Illustrons ce processus avec les résultats d’une recherche empirique qualitative que nous avons réalisée sur les réactions des fans au décès de Michael Jackson (Fourquet-Courbet, Courbet, 2012). Nous avons montré que les RSN jouent un rôle ambivalent dans leur gestion du deuil. Si les RSN ont été psychologiquement utiles aux fans dans les premiers jours qui ont suivi le décès pour obtenir des informations et partager socialement leurs émotions, il semble toutefois qu’à plus long terme, leurs usages fréquents et prolongés ont freiné la résolution du deuil chez certains. Retourner fréquemment et pendant un long délai après le décès sur les RSN et pages de fans, comme l’ont fait de nombreux fans, conduit à régulièrement re-générer et ruminer des pensées négatives, à augmenter la fréquence et l’intensité des émotions négatives ressenties. Si communiquer et exprimer sa tristesse est nécessaire dans le premier stade du deuil, notamment pour obtenir empathie et soutien sociaux pour « faire son deuil », cette phase ne doit pas être trop longtemps entretenue. Or les RSN incitant à prolonger cette phase semblent ralentir la gestion du deuil (Courbet, Fourquet-Courbet, 2014). Certes, si les deuils sont heureusement rares dans la vie quotidienne, l’entretien des ruminations et émotions négatives peut se retrouver dans d’autres circonstances, par exemple, à la suite d’une séparation amoureuse. Des consultations fréquentes des pages de l’être aimé(e) perdu(e) sur les RSN pourraient empêcher d’accepter la fin de la relation.

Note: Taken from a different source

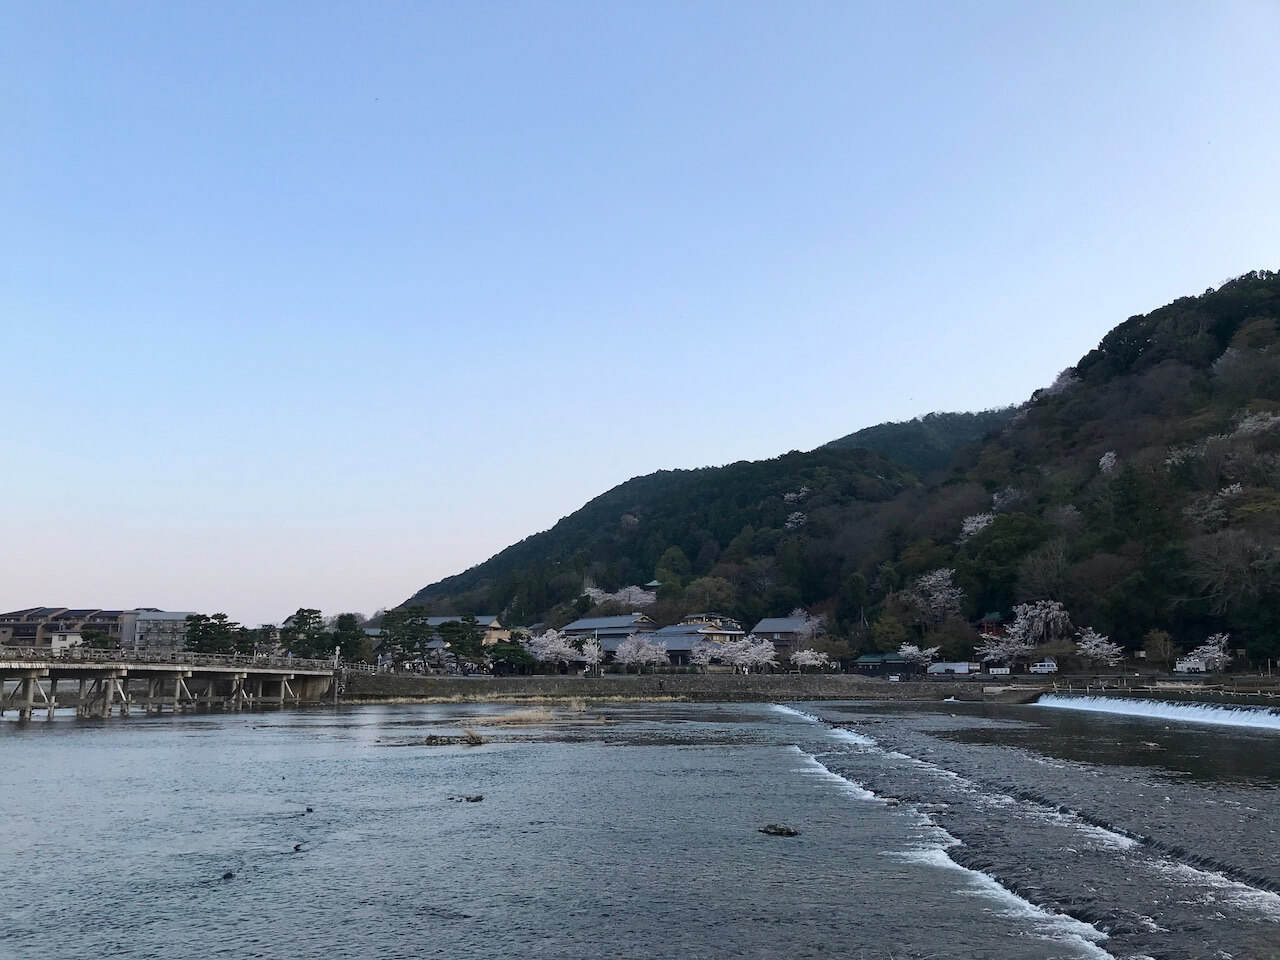 Togetsu-kyo Bridge in Arashiyama, Kyoto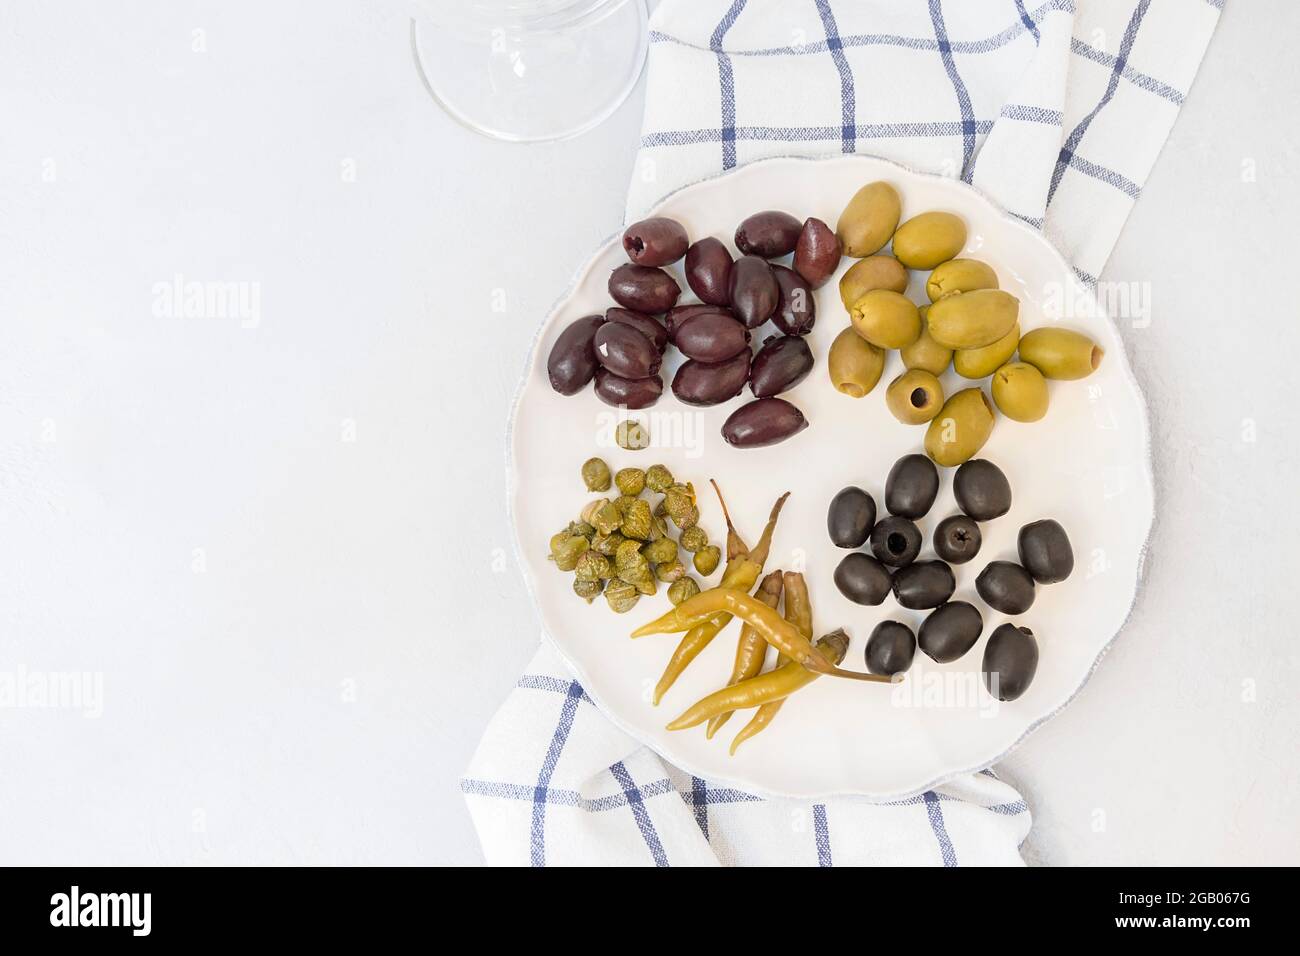 Antipasti italiani, diversi tipi di olive, capperi, peperoni, assortimento mediterraneo di cibi deliziosi, spuntini enologici Foto Stock

Les auteurs présentent ici pour la première fois les résultats de leurs propres travaux de recherche, dont les résultats mettent en lumière le rôle ambivalent des RSN dans la gestion du deuil. Avec un argumentaire dialectique pro, ils expliquent que, si le rôle des RSN peut être bénéfique à court terme (rôle informationnel, de partage et de décharge des émotions négatives), il peut s'avérer nocif à long terme en cas d'utilisation fréquente, conduisant à augmenter l'intensité et la fréquence des émotions négatives ressenties, et donc à la rumination.
Dans un second temps, les auteurs avancent un argument de type épistémique inductif, par lequel ils généralisent les résultats rencontrés dans le cadre de la gestion du deuil à d'autres situations, en l'occurrence les cas de séparation amoureuse. Par ce raisonnement amplifiant, ils avancent que les RSN conduisent à alimenter ruminations et émotions négatives. Toutefois, les auteurs ne font référence à aucun travaux de recherche pour appuyer cet argument.